*** Collected material Section Begins ***
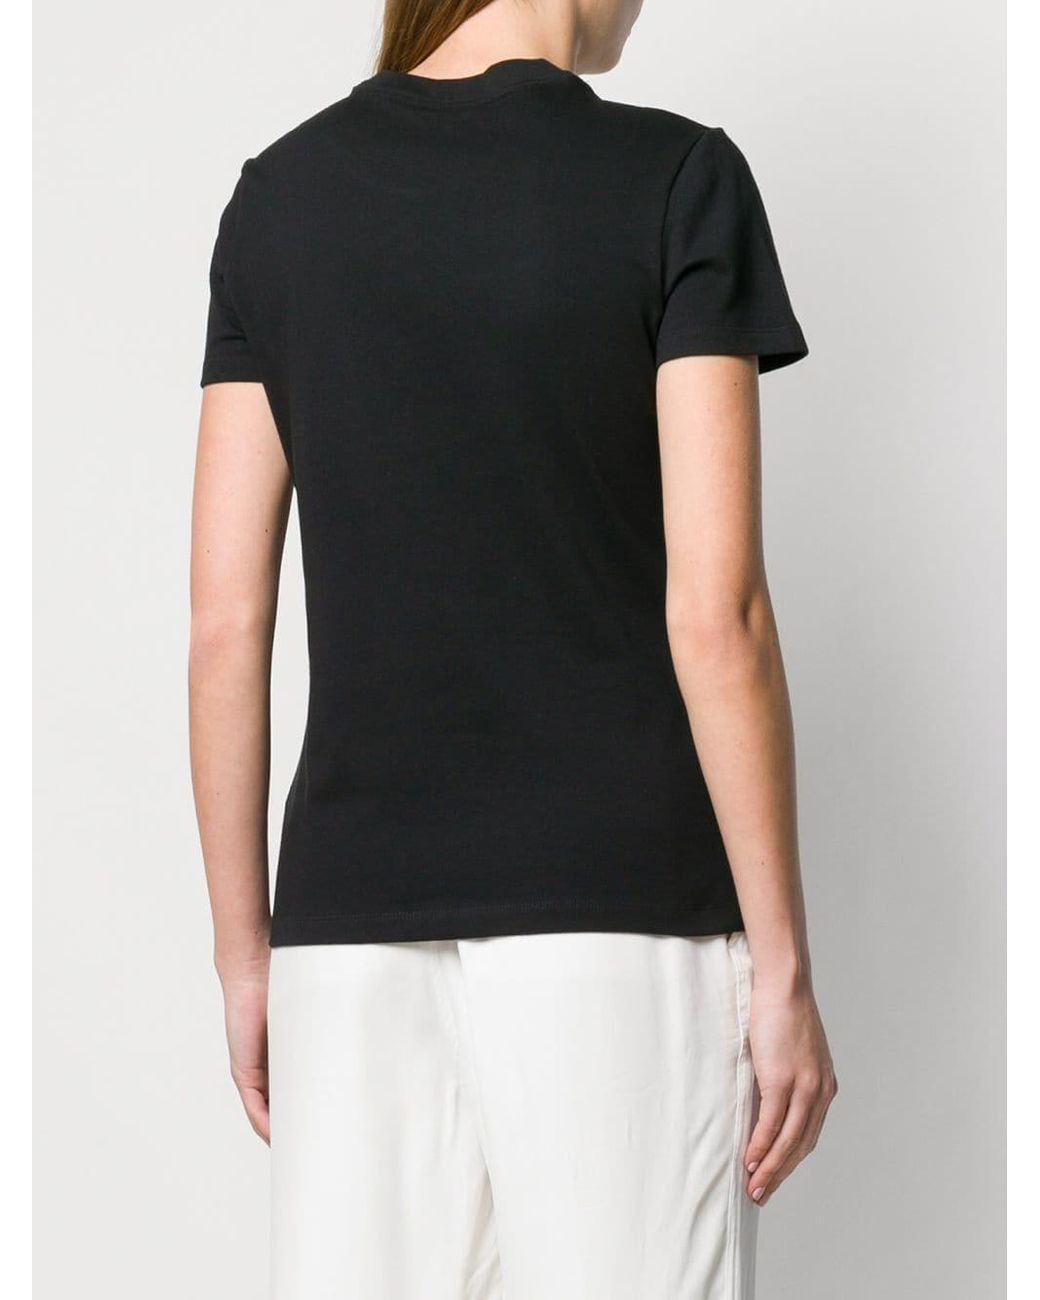 Nike Cotton Leopard Print Logo T-shirt in Black | Lyst Australia
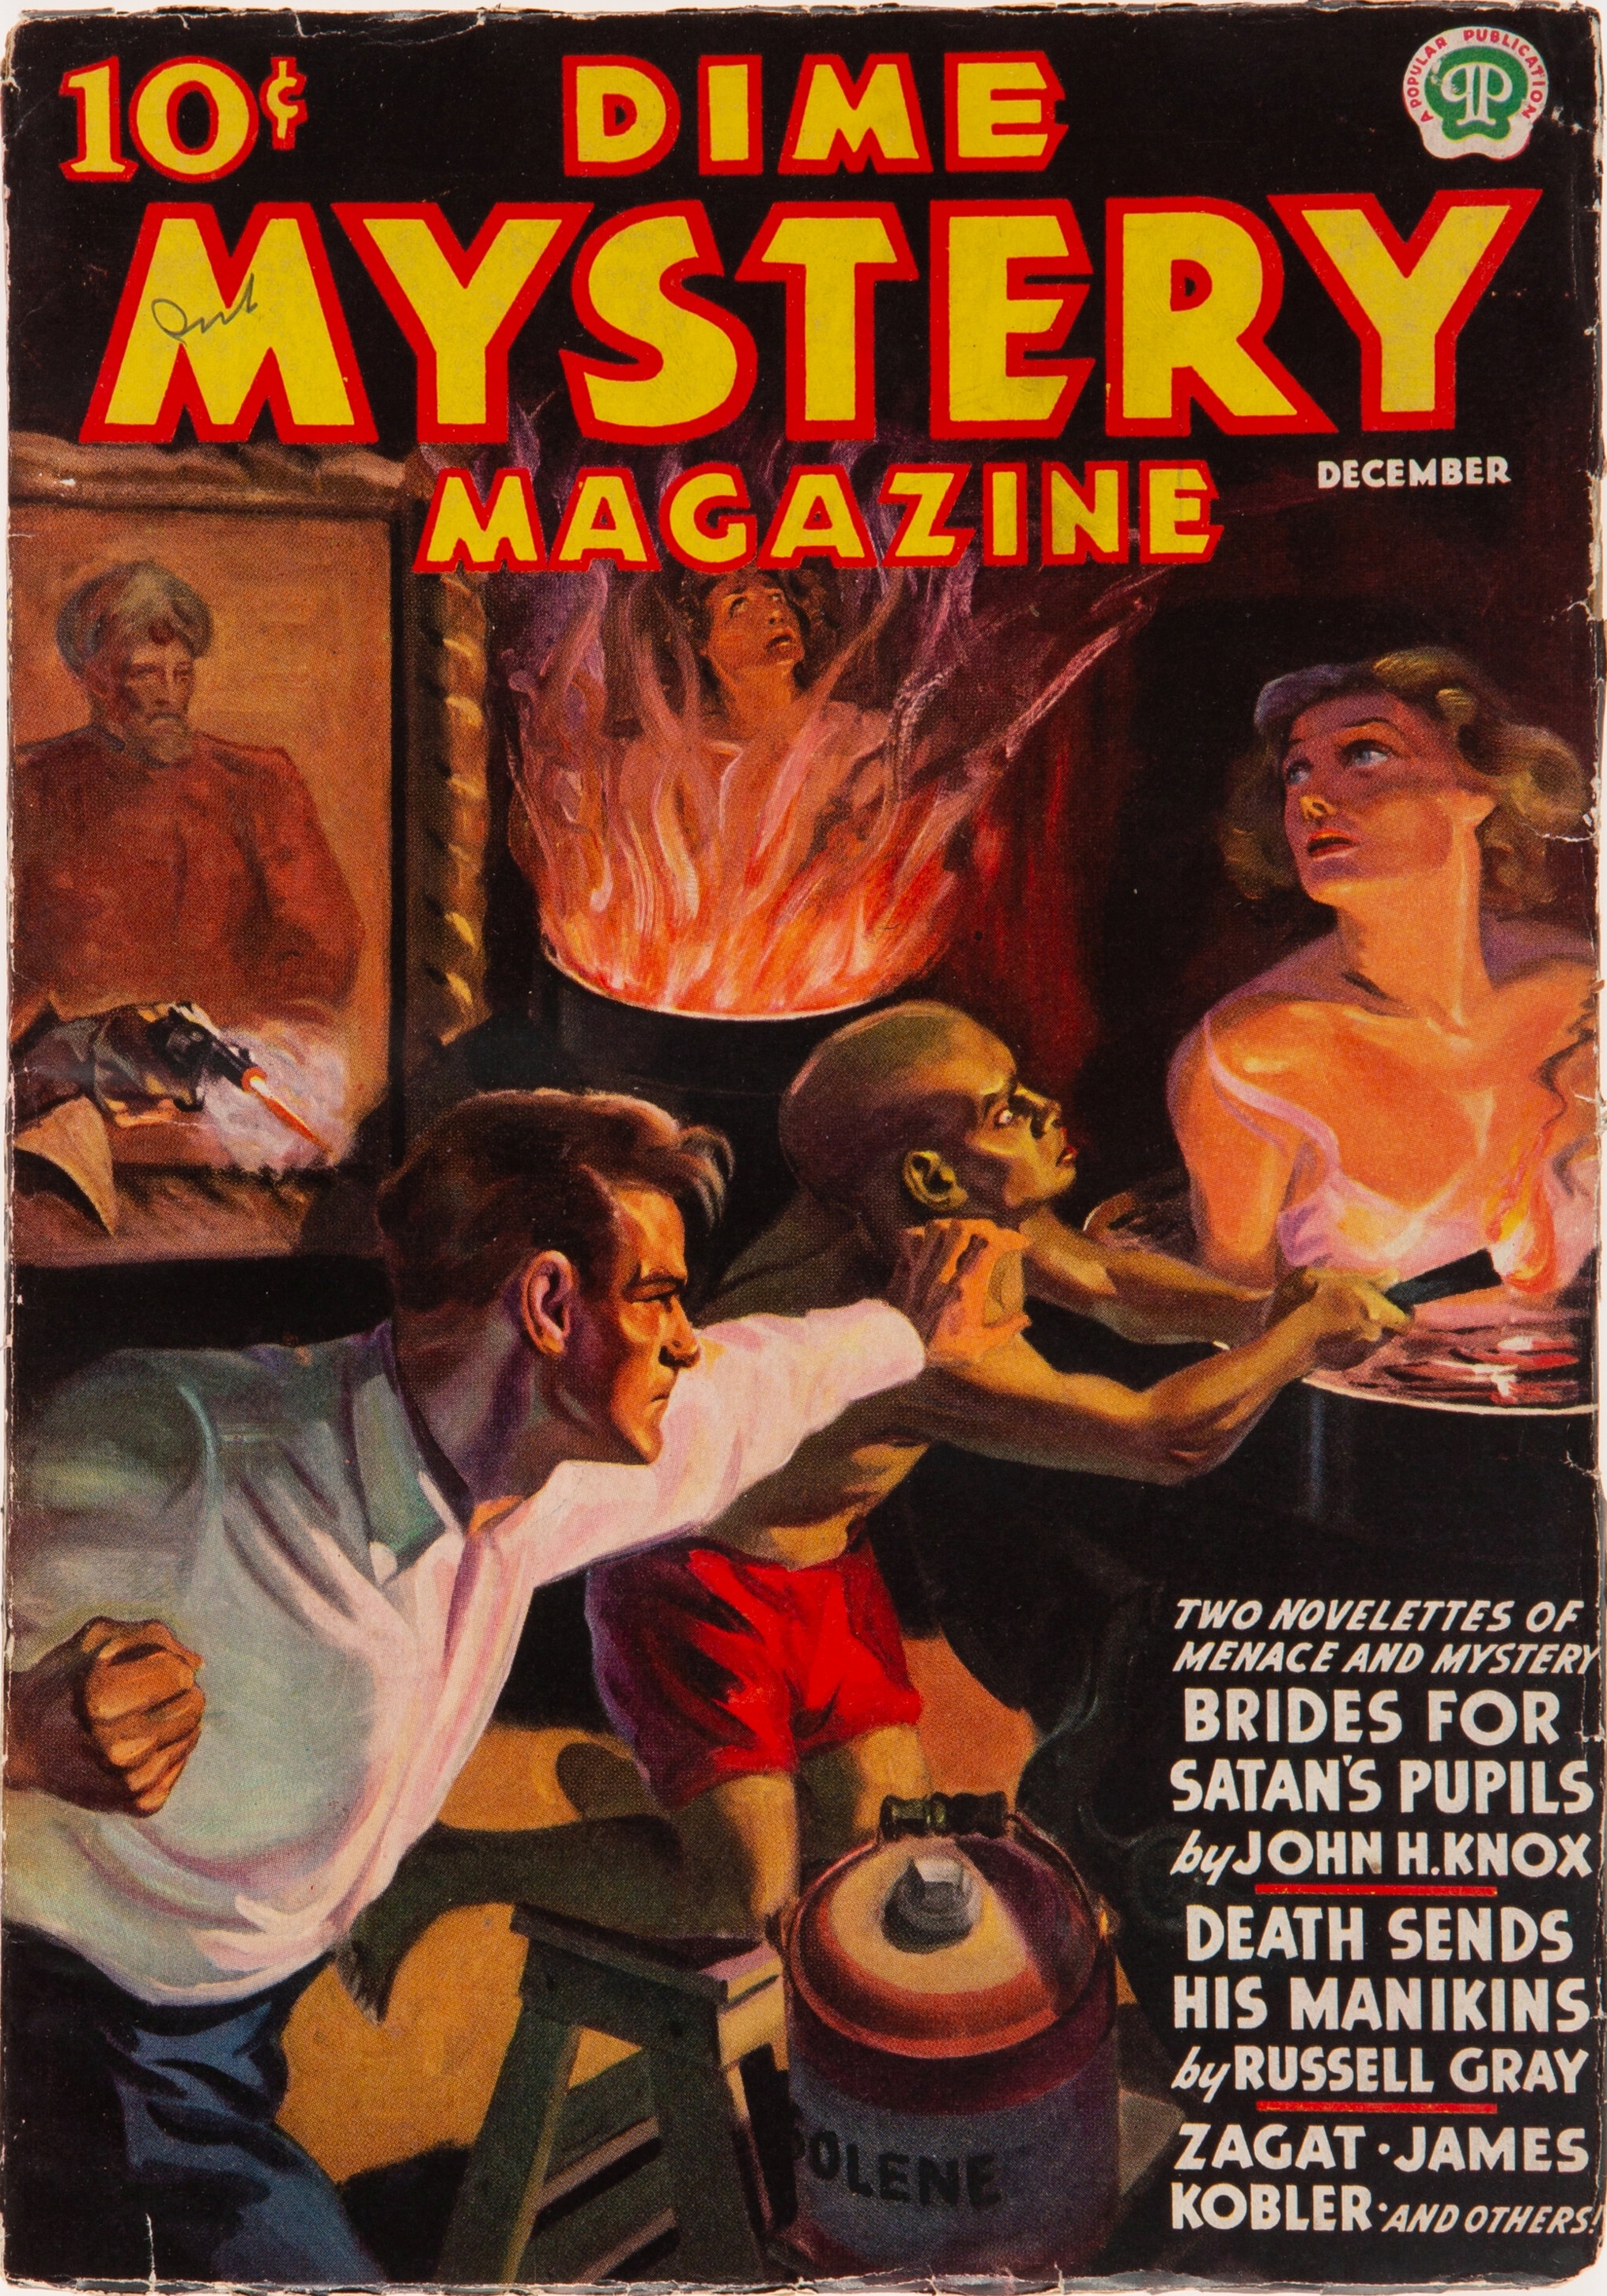 Dime Mystery Magazine - December 1937
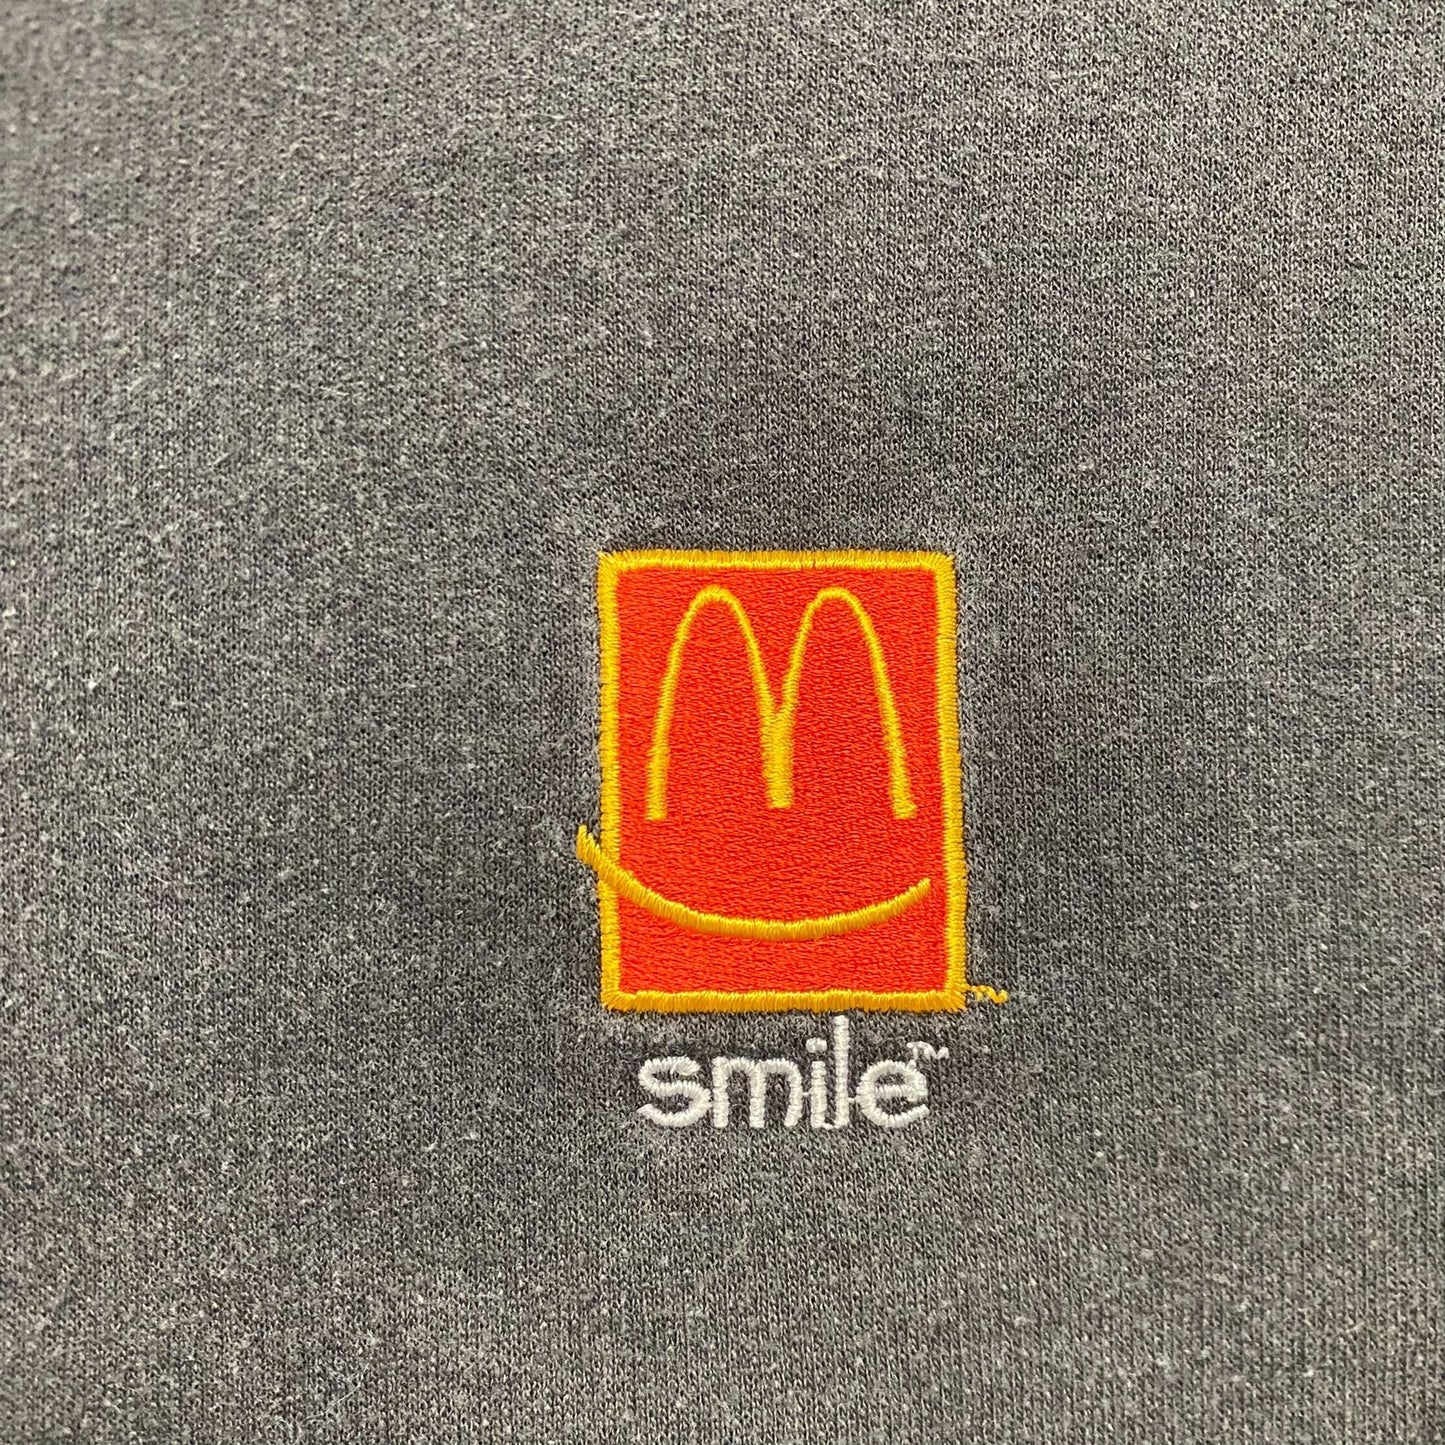 Vintage 90s McDonald's Smile Sun Faded Crewneck Sweatshirt
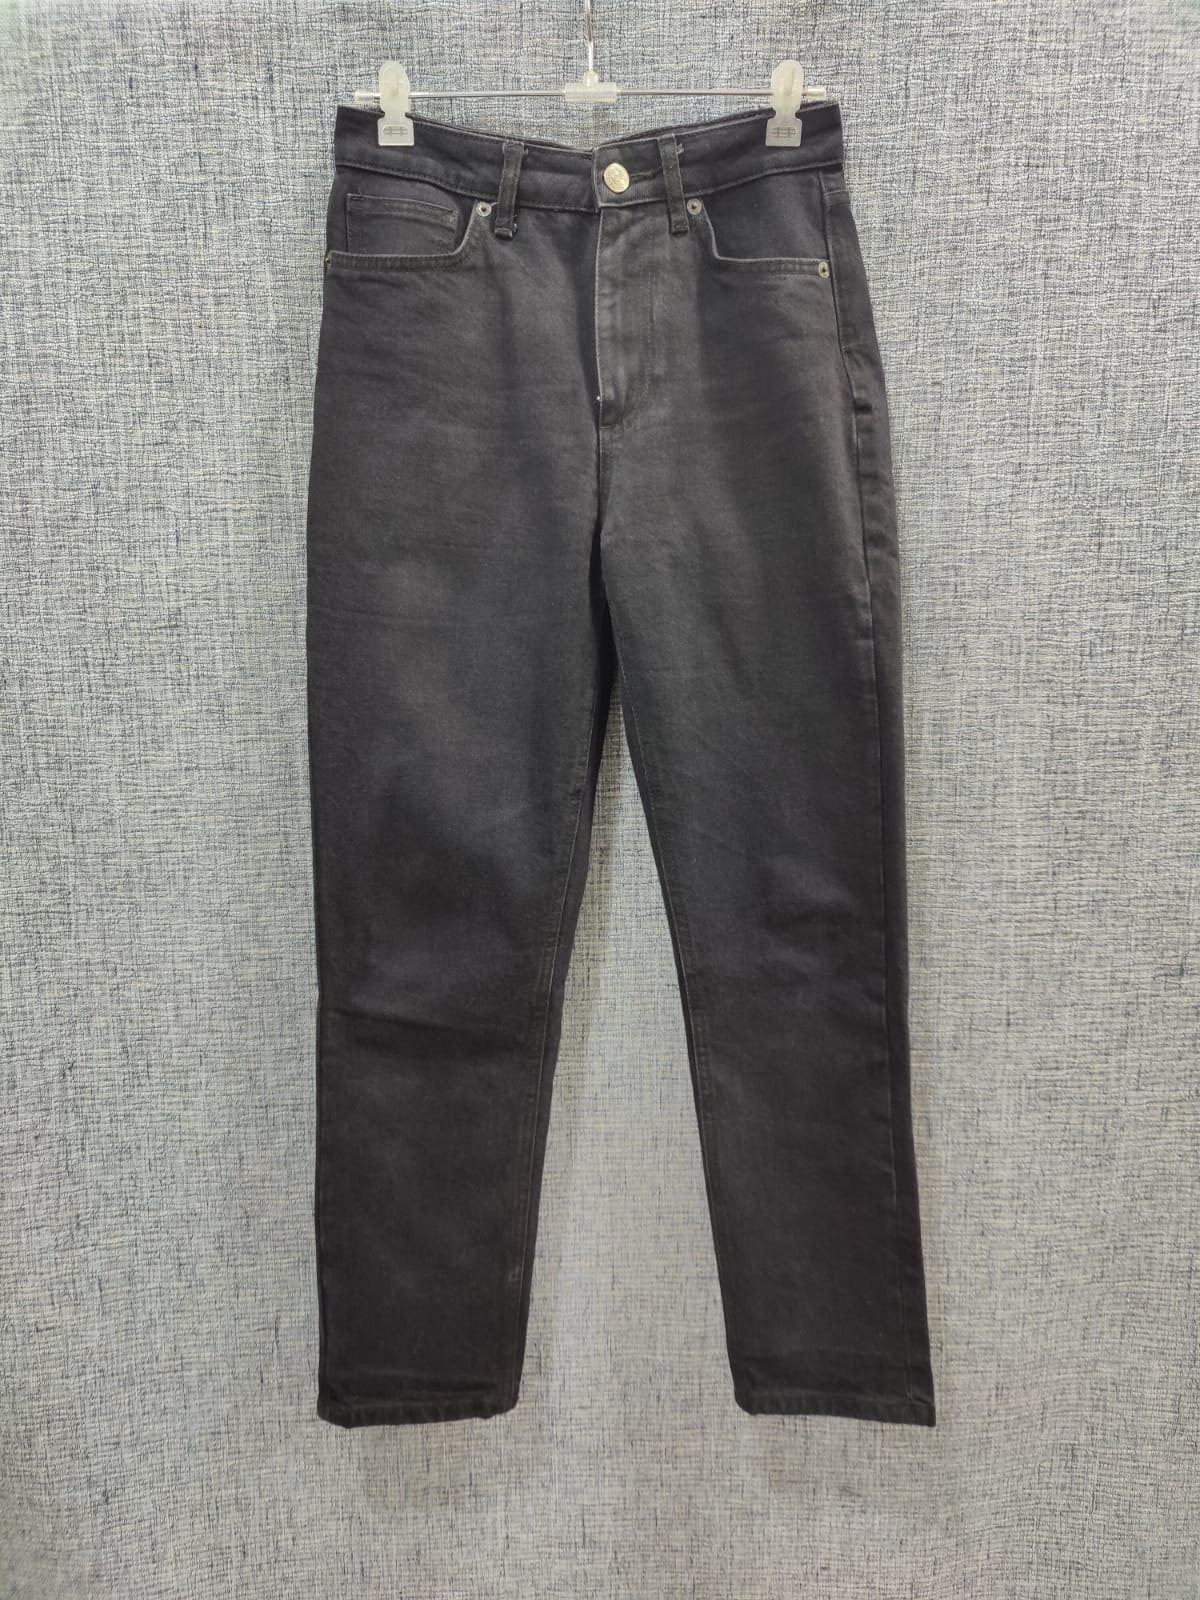 Women's High Waist Cargo Black Jeans 6 Pocket Wide Leg Denim Pants
*** Collected material Section Ends ***
• Exercise requirements: Nothing but the lines from the line containing "Dime Mystery Magazine - December 1937" through the end of the data, both ends included, is to be reproduced, exactly as written and without the pictures.

• Answer to this task:
 Dime Mystery Magazine - December 1937
 Vintage 90s McDonald's Smile Sun Faded Crewneck Sweatshirt
 Women's High Waist Cargo Black Jeans 6 Pocket Wide Leg Denim Pants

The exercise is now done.